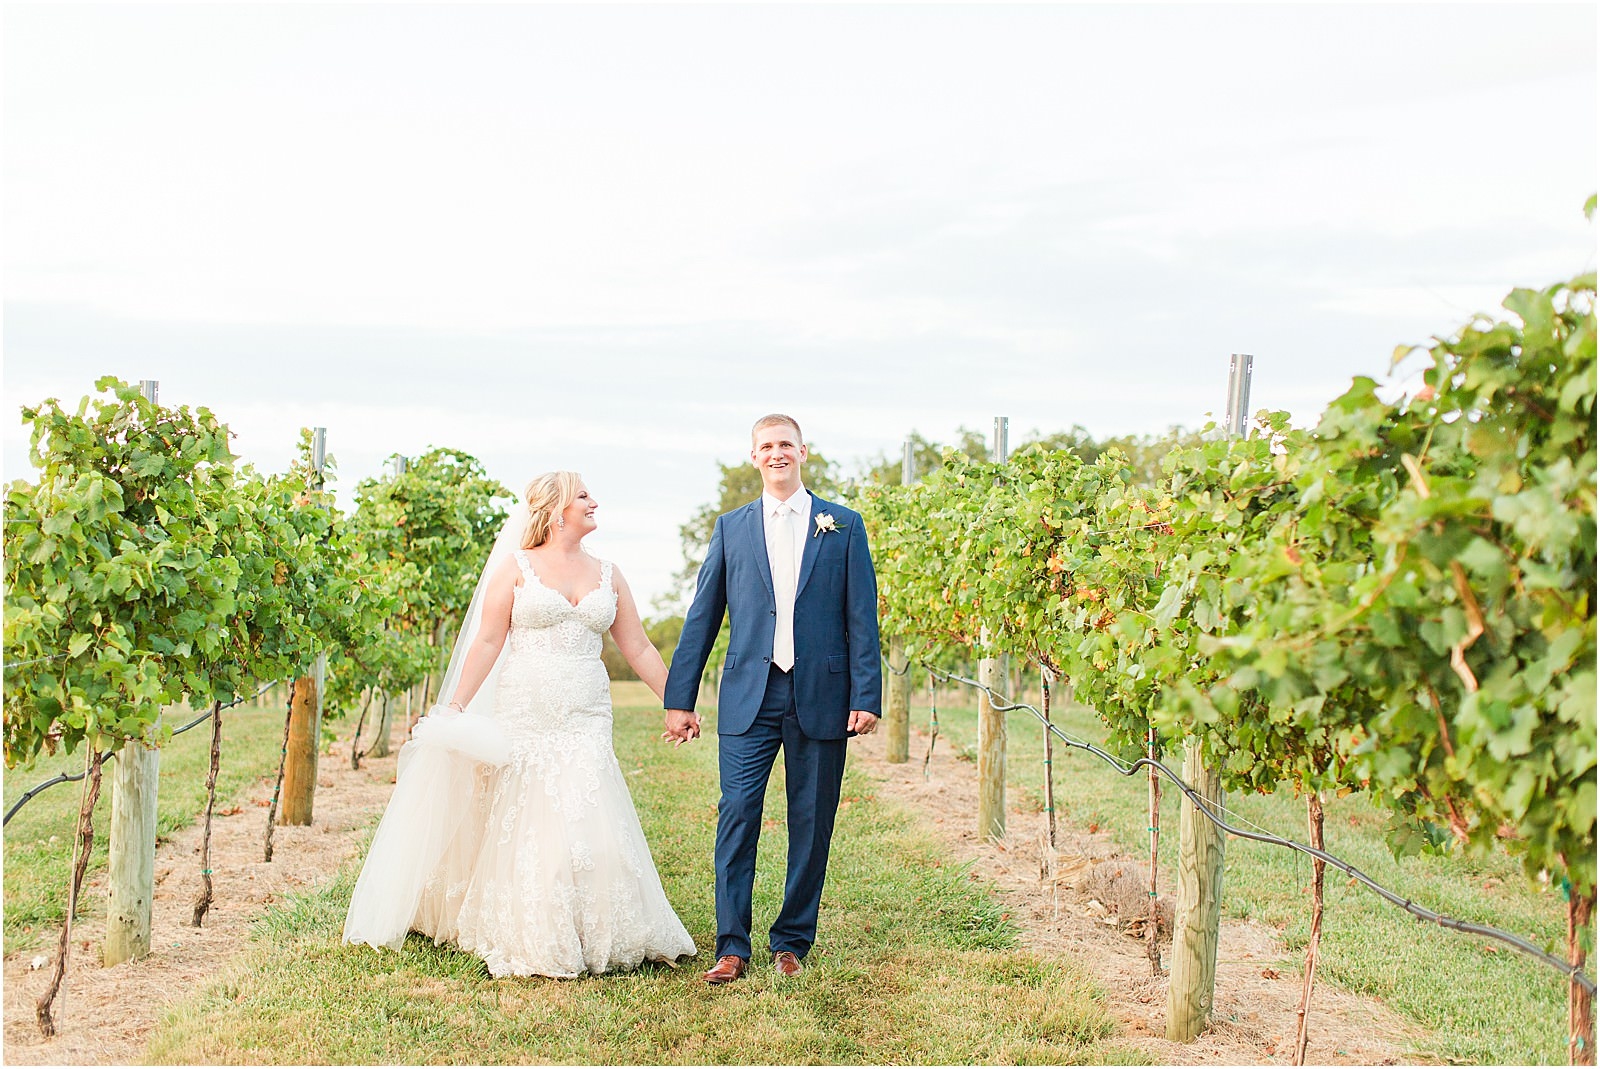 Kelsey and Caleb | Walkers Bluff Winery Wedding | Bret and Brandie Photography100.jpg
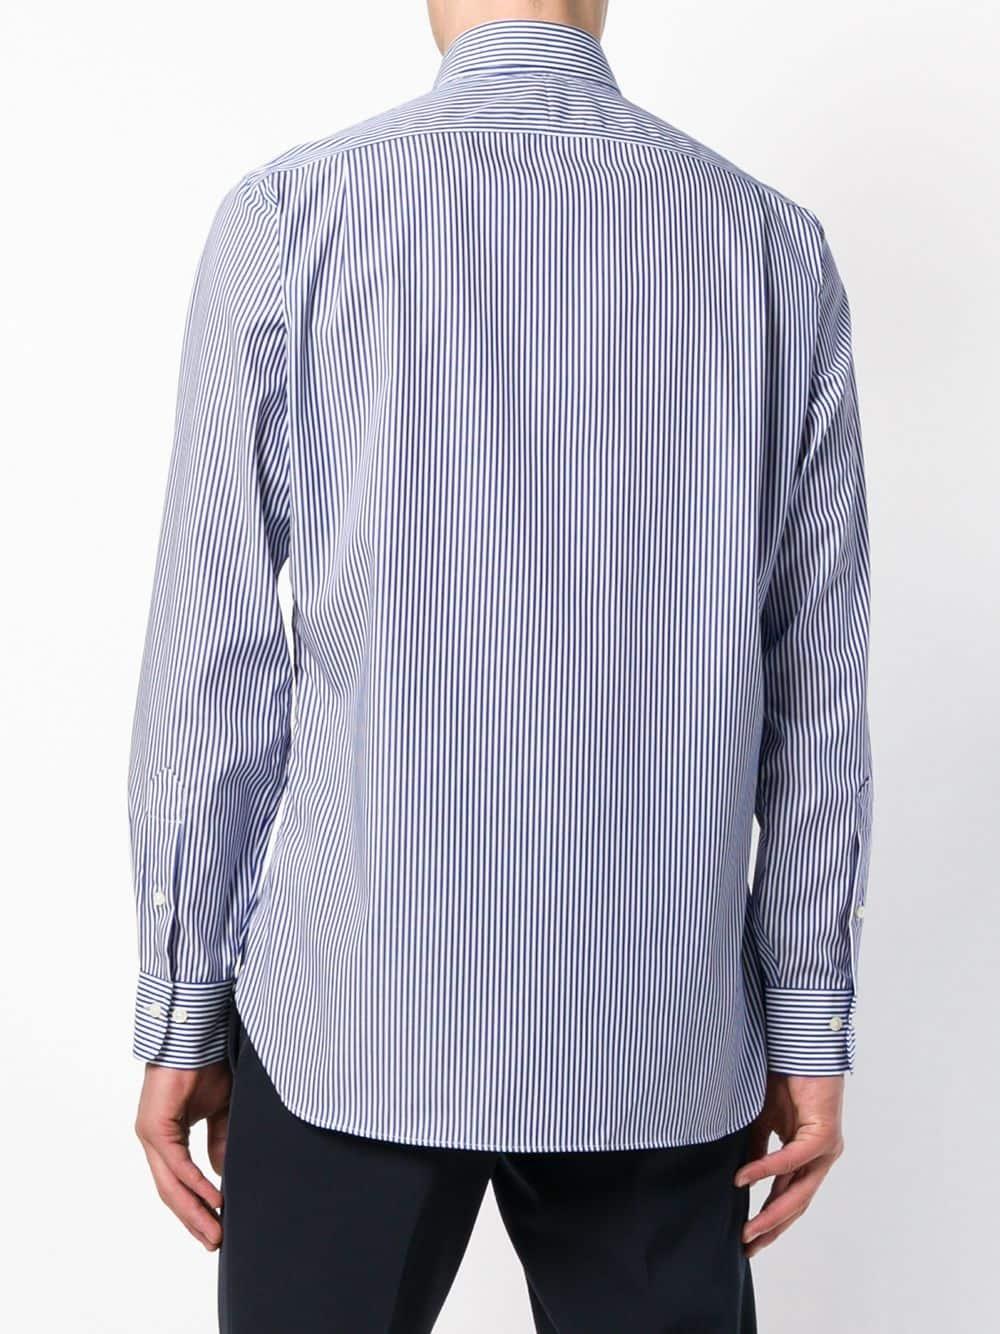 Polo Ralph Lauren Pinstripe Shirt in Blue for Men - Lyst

---

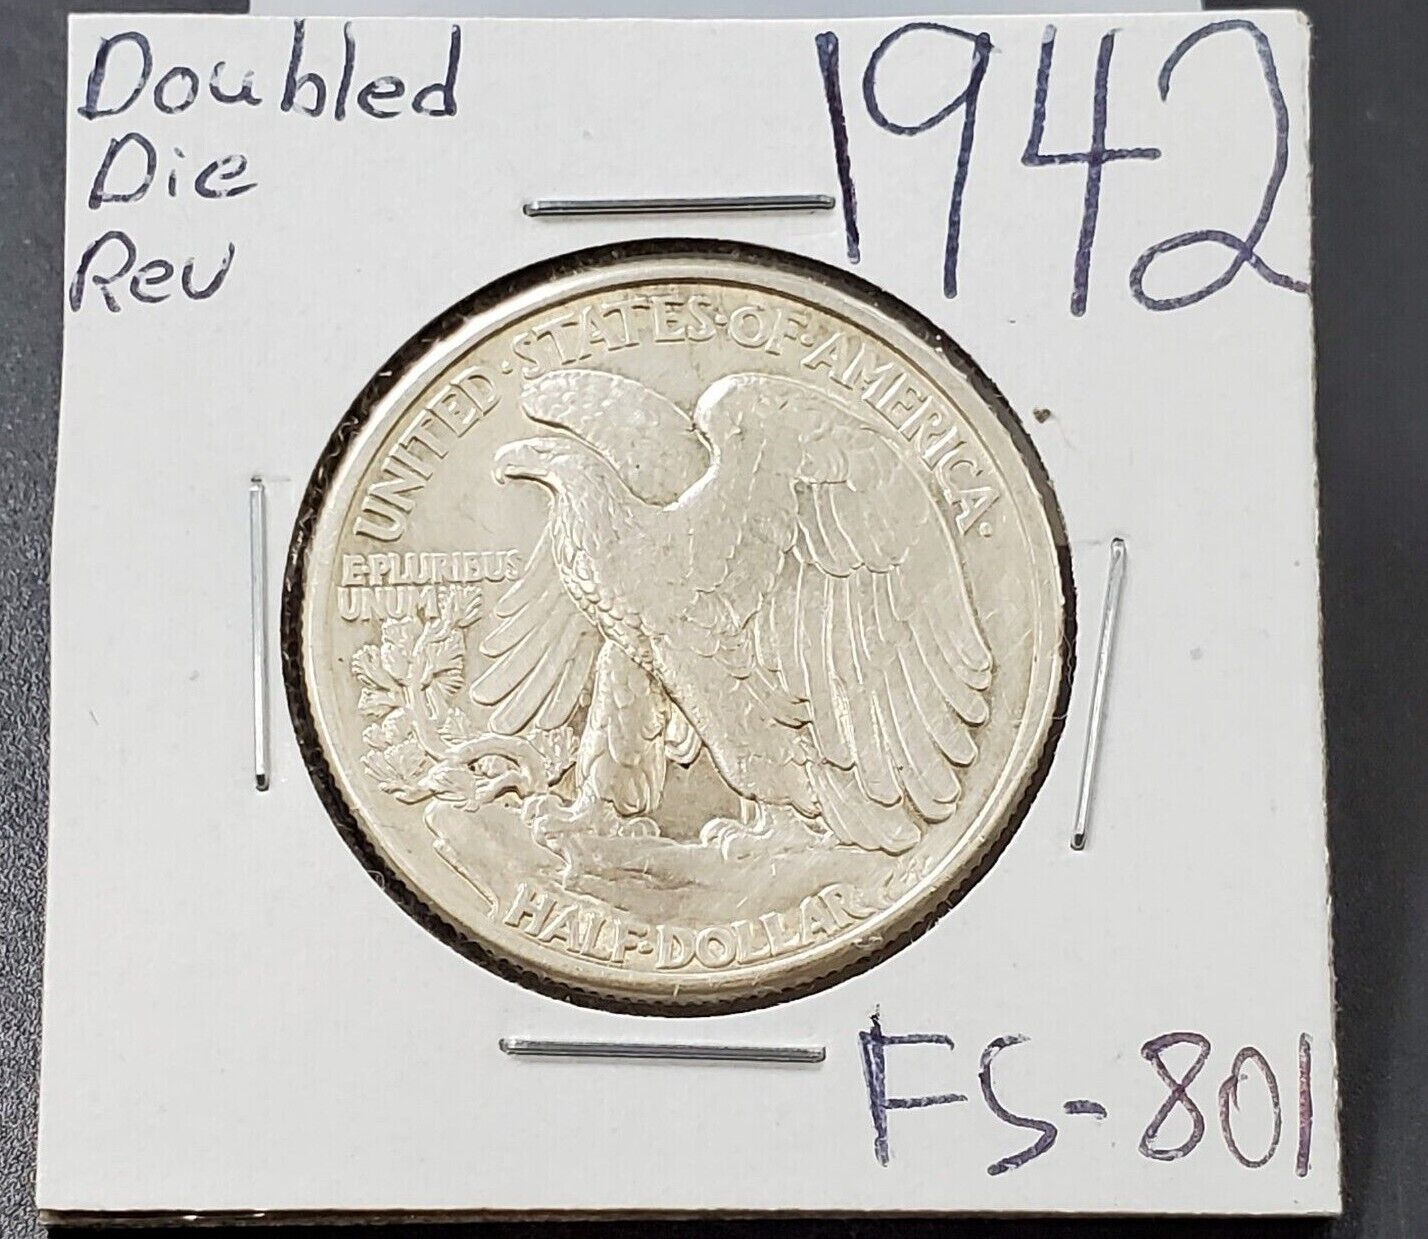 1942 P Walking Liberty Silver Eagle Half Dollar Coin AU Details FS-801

* * *

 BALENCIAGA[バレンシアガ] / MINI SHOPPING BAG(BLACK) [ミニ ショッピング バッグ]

- [What the task requires] When copying from the data above, begin at the line containing "Kelsey and Caleb" and end at the line containing "Polo Ralph Lauren"; return those lines exactly and leave all pictures behind.

- [Exercise response]
 Kelsey and Caleb | Walkers Bluff Winery Wedding | Bret and Brandie Photography100.jpg
 Polo Ralph Lauren Pinstripe Shirt in Blue for Men - Lyst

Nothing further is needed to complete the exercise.